The PALS program partnered with St. Camillus Retirement Living in Wauwatosa, in 2017. Graduate and undergraduate students help lead workouts and talk to seniors about their current health and goals for the future, Gretebeck said. 

Students work the research team by collecting data, observing the PALS classes, entering data and developing community resource materials for the participants. Undergraduate honors nursing students are selected by Gretebeck to work on the PALS project, where Gretebeck advises them.

Margaret Lyons, a sophomore in the College of Nursing, works at a nursing home and helps with seniors, but is not part of the PALS program. Lyons said PALS sounds like a great program that can make a big difference in a senior’s life.

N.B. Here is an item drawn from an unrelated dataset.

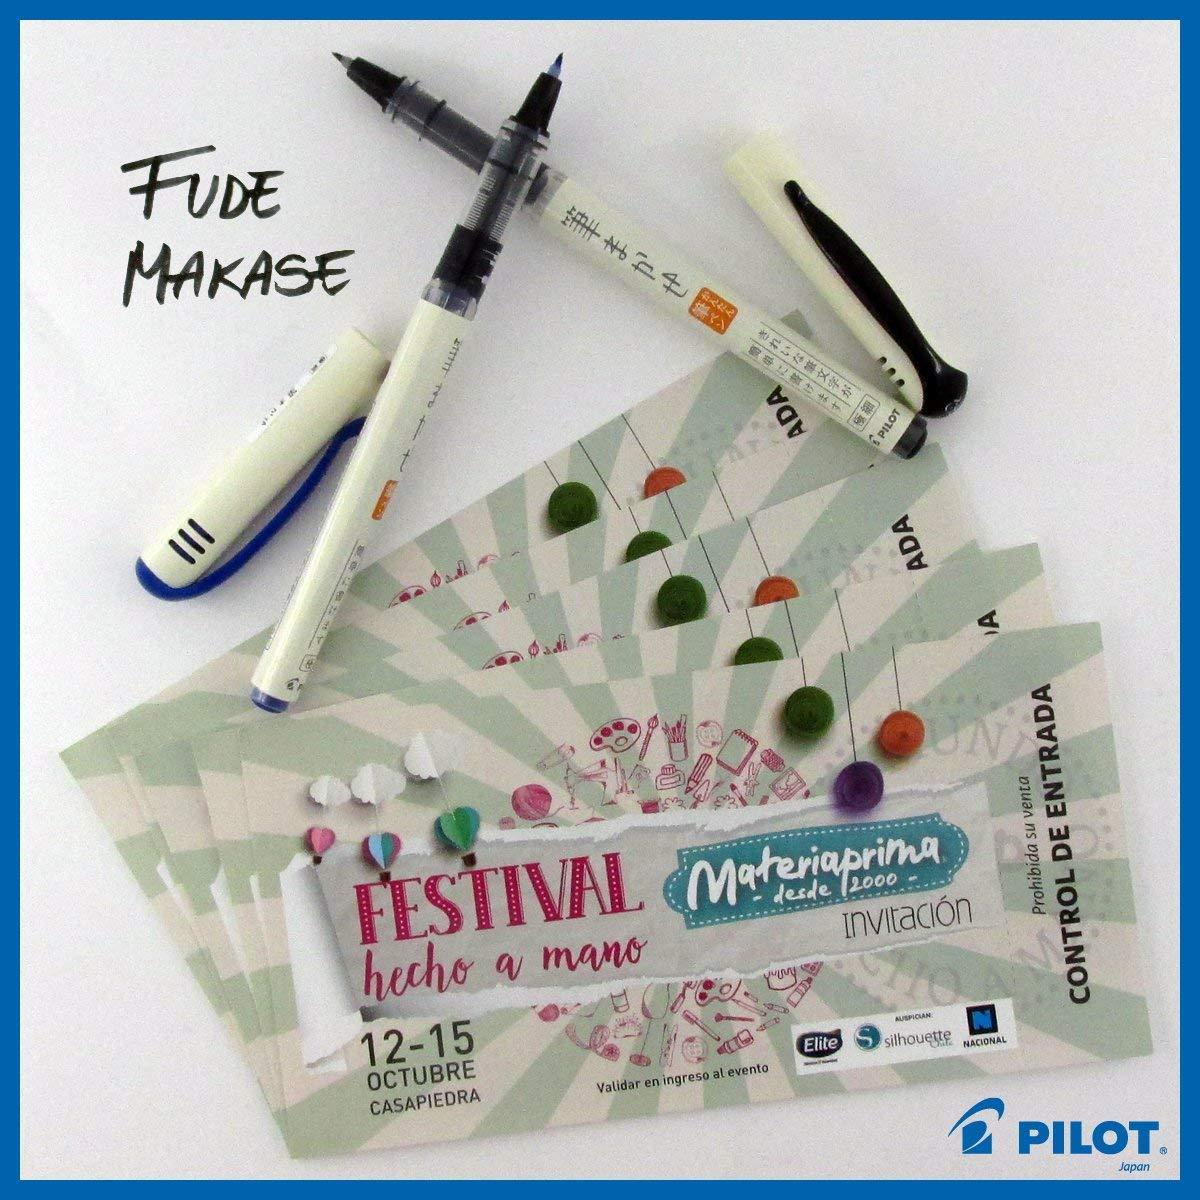 Pilot Fude Makase Color Brush Pen, 8 color (Black, Red, Orange, Blue, Blue Black, Green, Pink, Sepia) each 1 piece. with Original Case by Pilot Fude Makase

“I think that some residents that work out regularly are in better spirits generally, it helps them boost their mood as well as loosen up their muscles to be less stiff,” Lyons said.

The College of Nursing has not had a program like PALS before, Gretebeck said.

“So far participants really seem to like it,” Gretebeck said. “We have gotten a lot of positive feedback, like people being able to do laundry easier or ride the bus, just those daily things that are so important.”

The Wisconsin Institute for Healthy Aging  is a nonprofit organization providing programs and services for older people. The organization helps Gretebeck plan and recruit participants for the PALS program.

“Dr. Gretebeck’s work is making a big impact on senior health as well as generating knowledge with her research to continue to understand what is most helpful for seniors,” Janet Krejci, dean and professor for the College of Nursing, said.

Gretebeck said not only is the program having positive effects on physical health for seniors, but social health, too.

“The program’s group dynamic gives (participants) the opportunity to socialize and make friends, which is good because good health is … mental … (and) physical,” Gretebeck said. 

Correction: An earlier version of this story stated that the PALS program was developed five years ago at the University of Wisconsin-Madison. In fact, the PALS program was not developed at the University of Wisconsin-Madison, but was adapted from a previous research study. The Wire regrets this error. A correction will be issued in the next print edition of the Marquette Tribune.